Retype, word for word, every line from the one holding "Provider Colorful Cloud" through the one holding "Сколько весит банан" in the entries below, both included, and only those lines.

◆ Material for the task:
>>>
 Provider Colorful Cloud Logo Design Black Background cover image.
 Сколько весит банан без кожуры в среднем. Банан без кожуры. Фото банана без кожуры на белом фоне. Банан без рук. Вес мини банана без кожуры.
<<<
>>>
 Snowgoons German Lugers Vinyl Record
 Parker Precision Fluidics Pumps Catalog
<<<
◆ Exercise answer:
 Provider Colorful Cloud Logo Design Black Background cover image.
 Сколько весит банан без кожуры в среднем. Банан без кожуры. Фото банана без кожуры на белом фоне. Банан без рук. Вес мини банана без кожуры.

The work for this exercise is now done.